Молодая Гвардия
 


ПЛАКАТ НА БРУСТВЕРЕ

В феврале 1943 года в боевой обстановке под Пушкином парткомиссия 109-й Ленинградской Краснознаменной стрелковой дивизии приняла меня в члены ВКП(б). С тех пор много партийных поручений пришлось выполнять мне. Но одно из них запомнилось особенно.

Весной 1943 года, после непродолжительного отдыха, мы заняли рубеж обороны на юго-западной окраине Урицка. Отсюда до Дворцовой площади было всего 14 километров, а до знаменитого Кировского завода — рукой подать. Это знал хорошо каждый из нас. Свой рубеж обороны держали мы крепко, надежно. Наш третий взвод второй роты 602-го Краснознаменного стрелкового полка находился от противника всего за 60 — 70 метров (примерно в 100 метрах от установленного сейчас обелиска с указанием прохождения линии фронта).

Хочется отметить, что занятие нами рубежа обороны гитлеровцы тогда отметили по-особому. Дня через два они провели огневой налет. Сотни мин были выпущены ими из ротных и батальонных минометов.

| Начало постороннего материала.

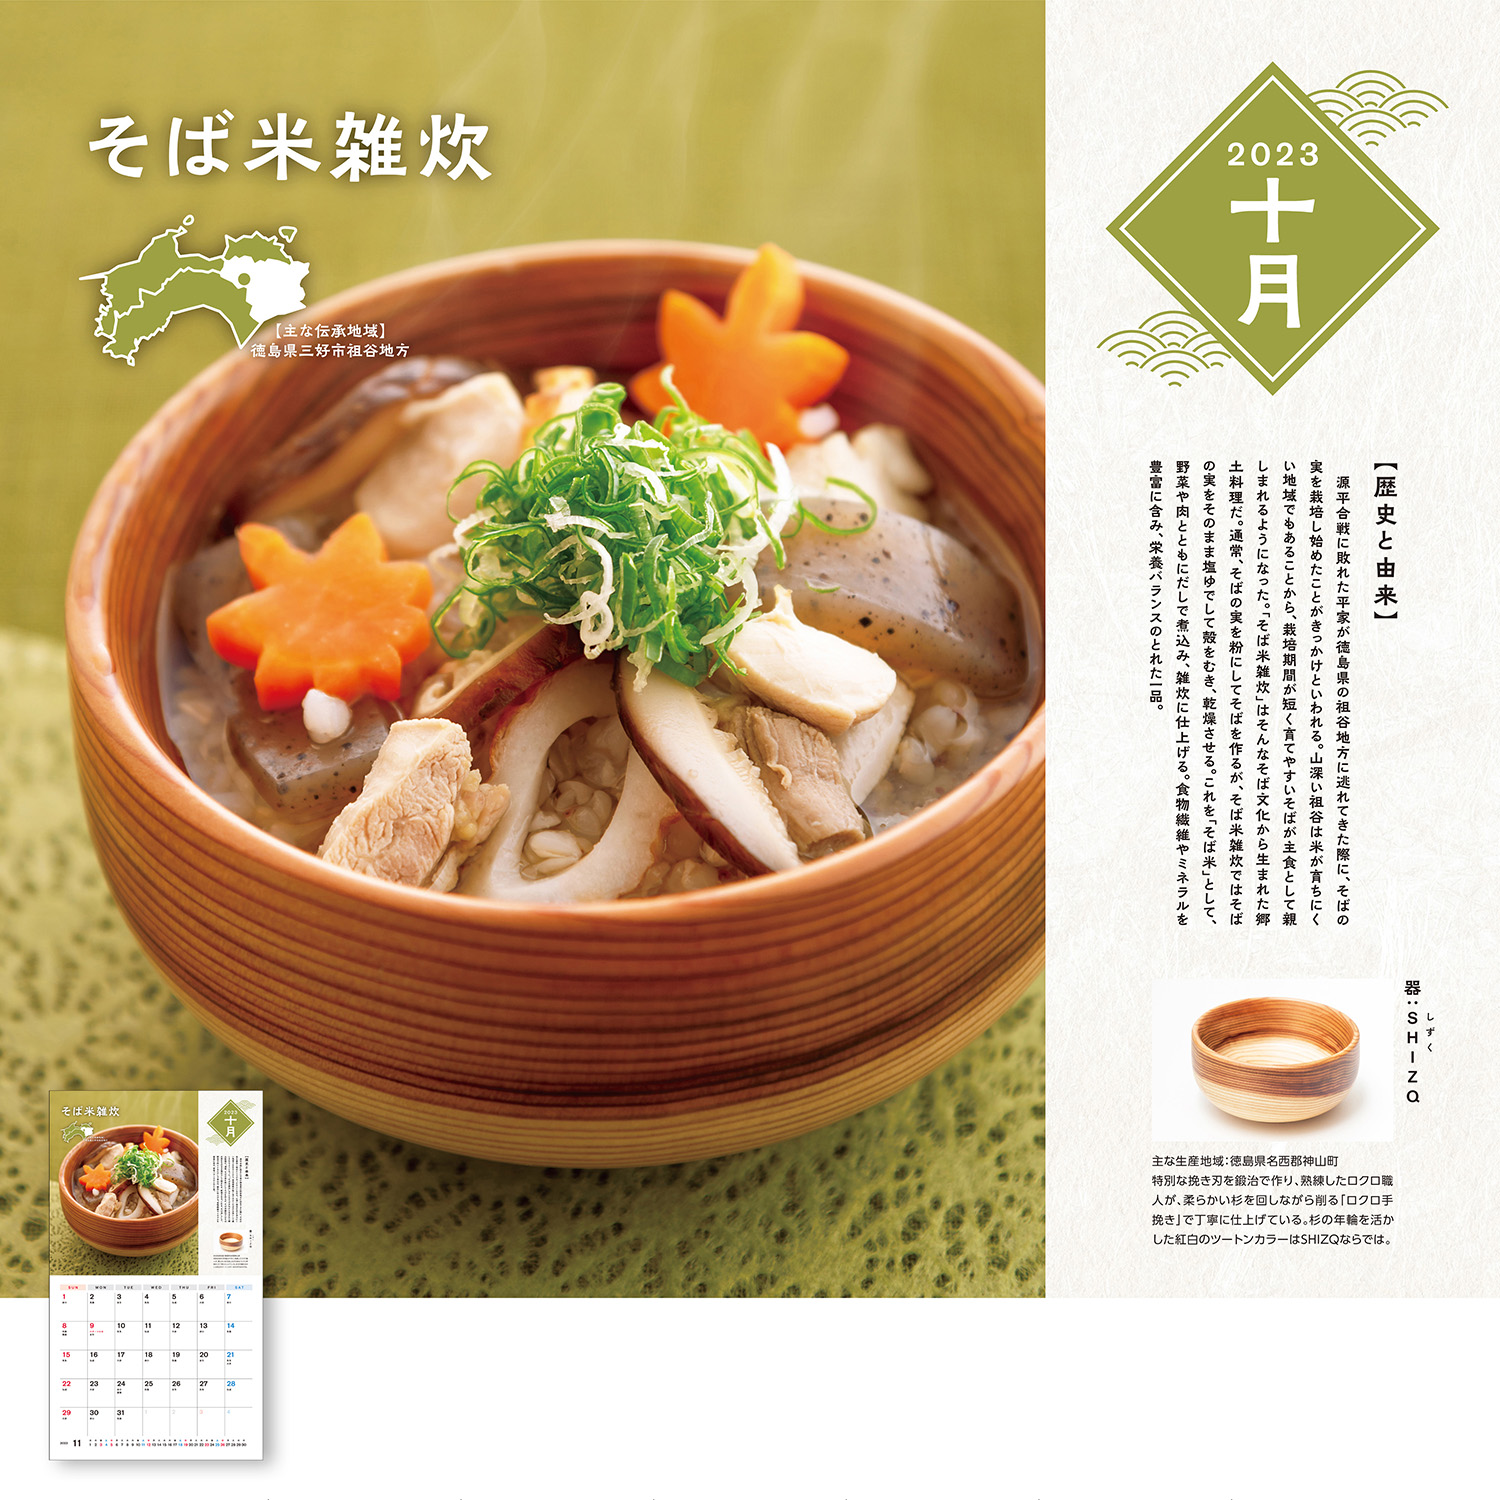 四国ガス2023年カレンダー10月のページでしずくの器に入ったそば米雑炊

Каким-то образом фрицы пронюхали о смене подразделений и частей под Урицком и решили «поприветствовать» нас огоньком.

Вскоре после этого «сабантуя» к нам во взвод пришел парторг роты старшина Оксанюк. Долго беседовал он с солдатами и сержантами, рассказывал им о положении на фронтах, а также о текущих задачах воинов здесь, под Урицком.

Перед тем как покинуть взвод, старшина вытащил из командирской сумки, в которой хранил все документы парторганизации роты, аккуратно свернутый лист бумаги и сказал:

— На, бери, товарищ старший сержант! Это твое парт-поручение.

Я развернул лист. Это был политический плакат. Всю верхнюю часть листа занимала противная физиономия Гитлера с усиками и челкой. На ней отчетливо выделялся кровавый след от пощечины. На всей нижней части плаката были изображены тысячи трупов фашистских солдат, погибших под Сталинградом и запорошенных снегом.

Мне не запомнился автор плаката, но сам плакат понравился сразу. Он убедительно, образно и доходчиво повествовал о сокрушительном разгроме гитлеровцев на Волге.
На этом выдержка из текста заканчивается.